- "The Networks were always anti-Trump hence, Fake News, @nytimes(apologized) & @wapo were anti-Trump. Collusion?," Trump tweeted.
- Investigators and Congress are already examing thousands of Facebook advertisements from the 2016 election.
- Chief executive Mark Zuckerberg has also announced he will sell many of his shares over the next year and a half, which will raise money to support some progressive causes.
Facebook is already under pressure in Washington, where investigators and Congress are examining thousands of Facebook advertisements from the 2016 election. Chief executive Mark Zuckerberg also recently announced plans to sell millions of shares over the next 1½ years for his Chan Zuckerberg Initiative. Its beneficiaries include programs for immigration and prison reform and affordable housing.

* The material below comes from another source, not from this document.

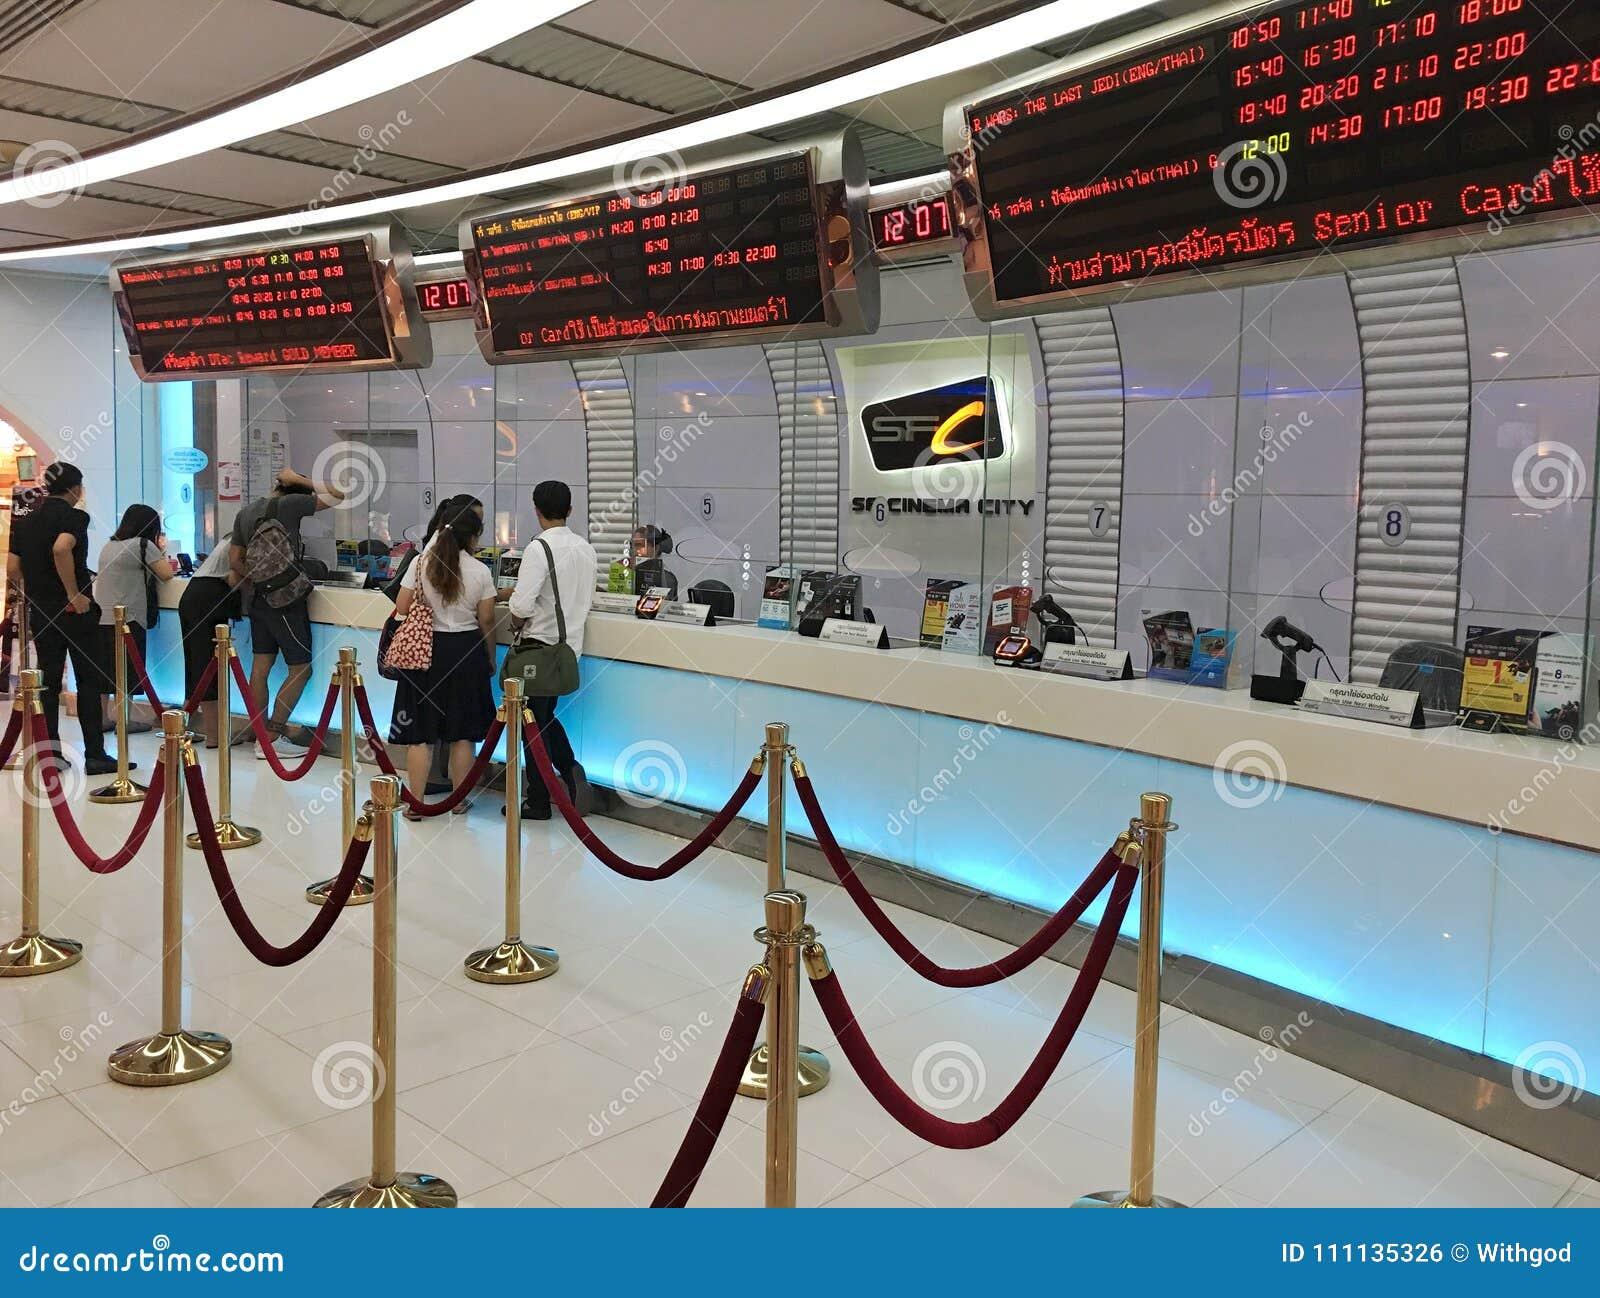 Billets d achat de personnes à la ville MBK de cinéma de SF dans le mail de MBK, Bangkok
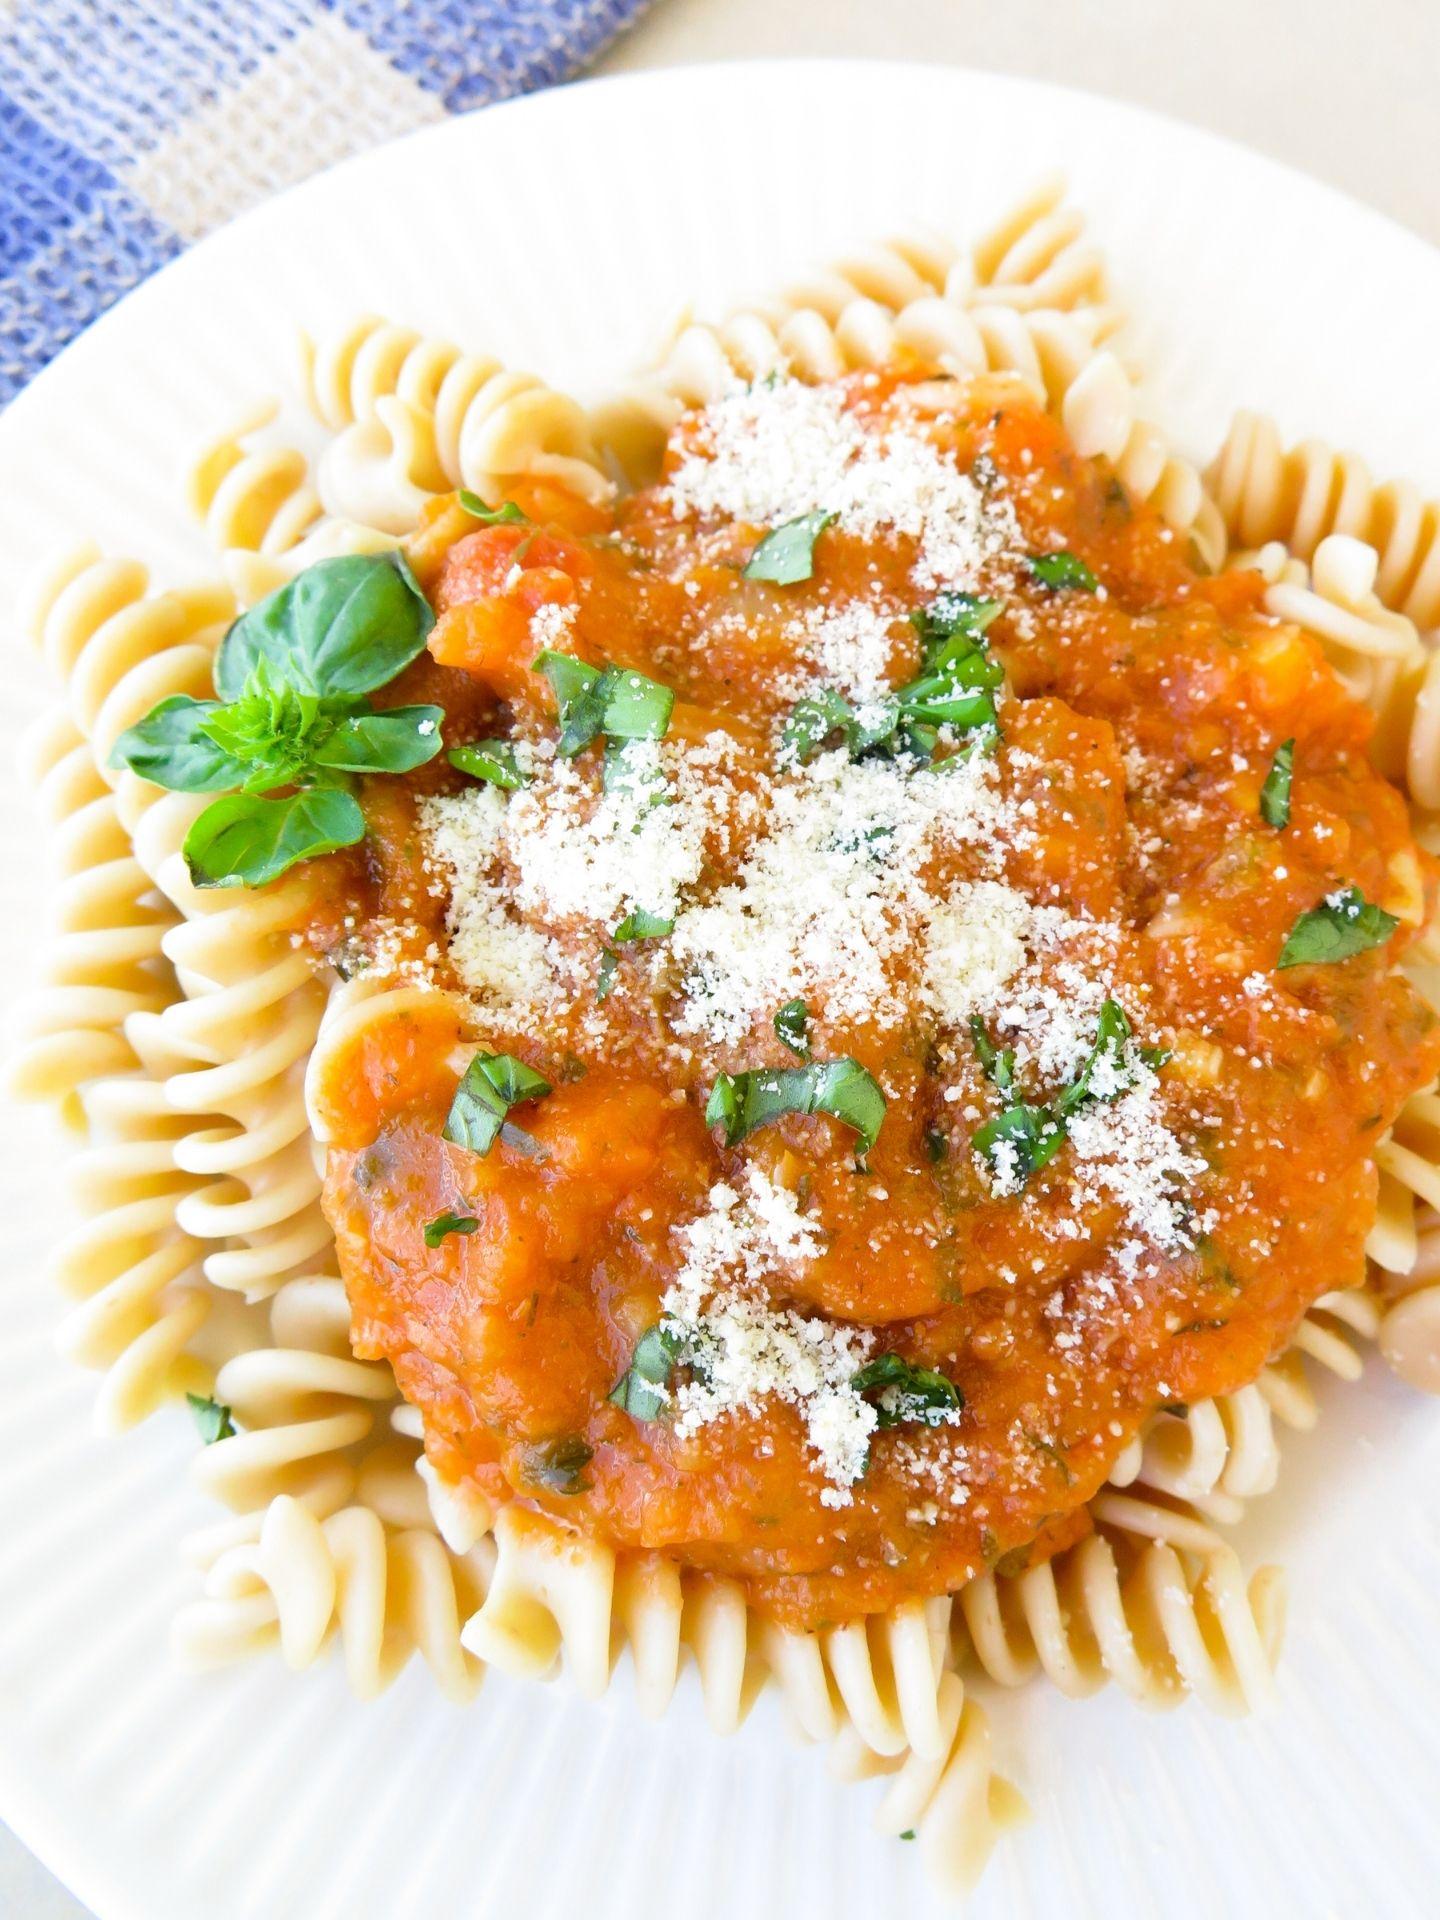 Veganer Parmesan ueber Pasta gestreut

Facebook was not immediately available to comment on Trump's tweet.
The company's curation of news articles has drawn ire from both political parties. Last year, Zuckerberg agreed to meet with conservative leaders after accusations that Facebook had suppressed right-leaning news. But Sen. Mark Warner, D-Va., vice chairman of the Senate Intelligence Committee, has also pressed Facebook and other social media companies on accusations they enabled Russian tampering in the U.S. election, calling recent disclosures the "tip of the iceberg."
News organizations, too, have a fraught relationship with the social network. While Facebook and Google offer tools for journalists, a group of news organizations has said the near-duopoly of online advertising is a threat to free press.
Zuckerberg and Trump's relationship has not seen the same public scrutiny as, say, Washington Post owner and Amazon CEO Jeff Bezos. But one of Facebook's most influential investors, Peter Thiel, is a Trump ally. A recent profile in Vanity Fair suggested Thiel is leaning toward more oversight of large technology companies. (Thiel was not immediately available to comment to CNBC).
Nonetheless, Facebook's share price has risen nearly 45 percent so far this year, amid broad gains in the technology industry.
Aside from being avid users of social media, Zuckerberg and Trump have something else in common. Zuckerberg's 2017 tour of America — — has focused on some of the same core issues as Trump's campaign. Zuckerberg has said he hopes to visit 30 states this year because Americans "need to find a way to change the game so it works for everyone."
Correction: This story was revised to correct Sen. Mark Warner's position on the Senate Select Committee on Intelligence. He is vice chairman.